Photocatalytic performance of iron (III) and niobium (V)-codoped TiO ₂ nanopowders synthesized by a radio frequency thermal plasma process

Iron (III) and niobium (V)-codoped TiO₂ nanopowders have been synthesized by Ar/O₂ RF thermal plasma. Phase composition, morphology, and photocatalytic performance of the plasma-generated powders have been investigated by the combined means of XRD, FE-SEM/TEM, and UV-vis absorption spectroscopy. Rutile formation in the plasma-produced phase composition of anatase and rutile was promoted by Fe³⁺ addition but was inhibited by Nb⁵⁺ doping. The resultant powders consisted of a majority of fine crystallites (several nanometers) and a small portion of coarse particles (~ 100 nm).
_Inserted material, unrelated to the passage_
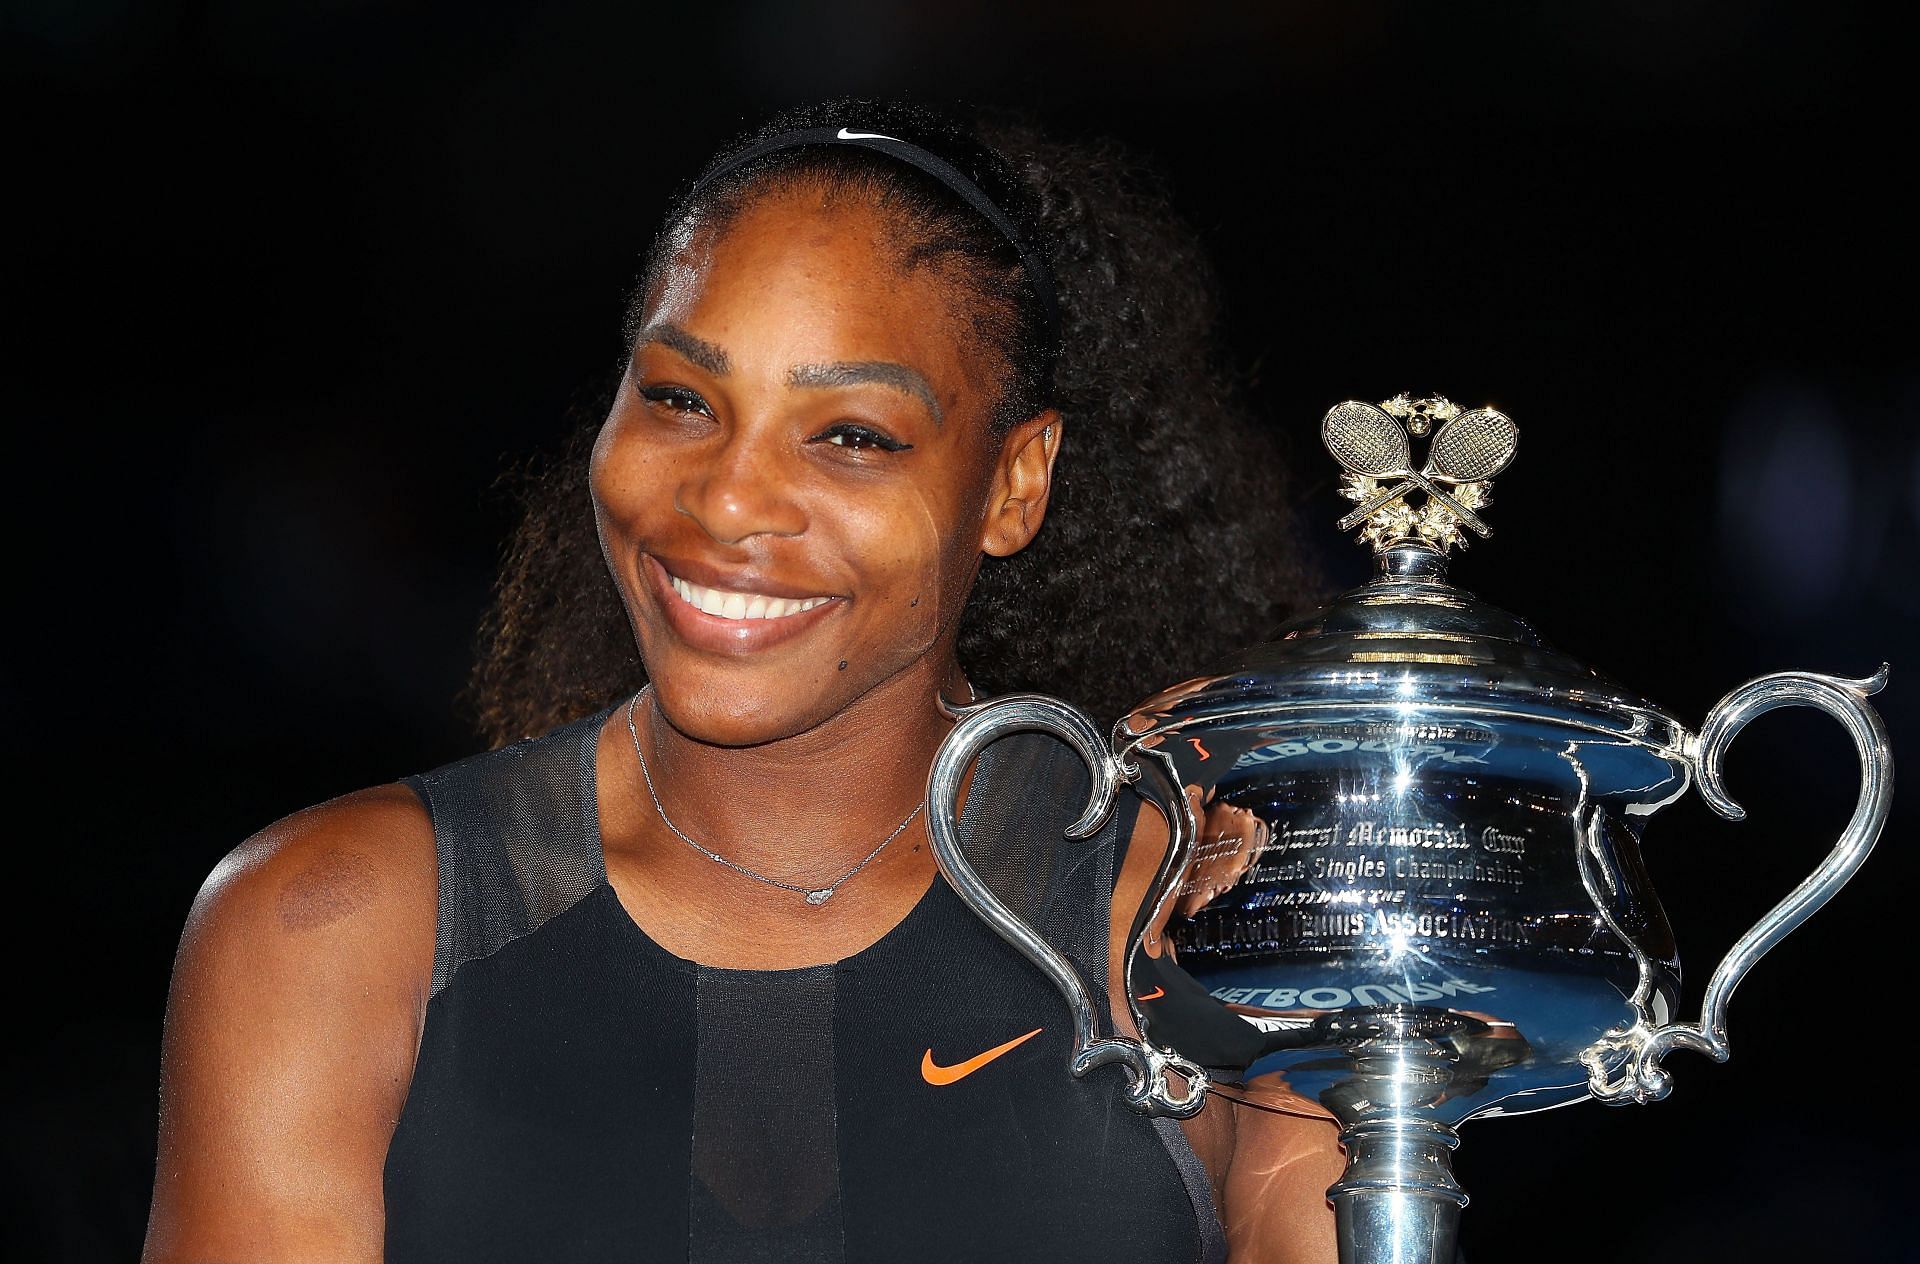 Serena Williams poses with the 2017 Australian Open

In comparison with TiO₂ singly doped with 0.1 at.% of Fe³⁺, photocatalytic reactivity of codoped TiO₂ was improved at 2.0 at.% of Nb⁵⁺ but was depressed at 6.0 at.% under the UV irradiation, indicating that UV-induced photocatalytic capability was dominated by Nb⁵⁺ doping concentration. In contrast to the case of 1.0 at.% of Fe³⁺ single addition, the codoped sample obtained the decreased photocatalytic performance with increasing Nb⁵⁺ content under the visible light irradiation, due to the low visible light absorption resulting from a broadened band gap.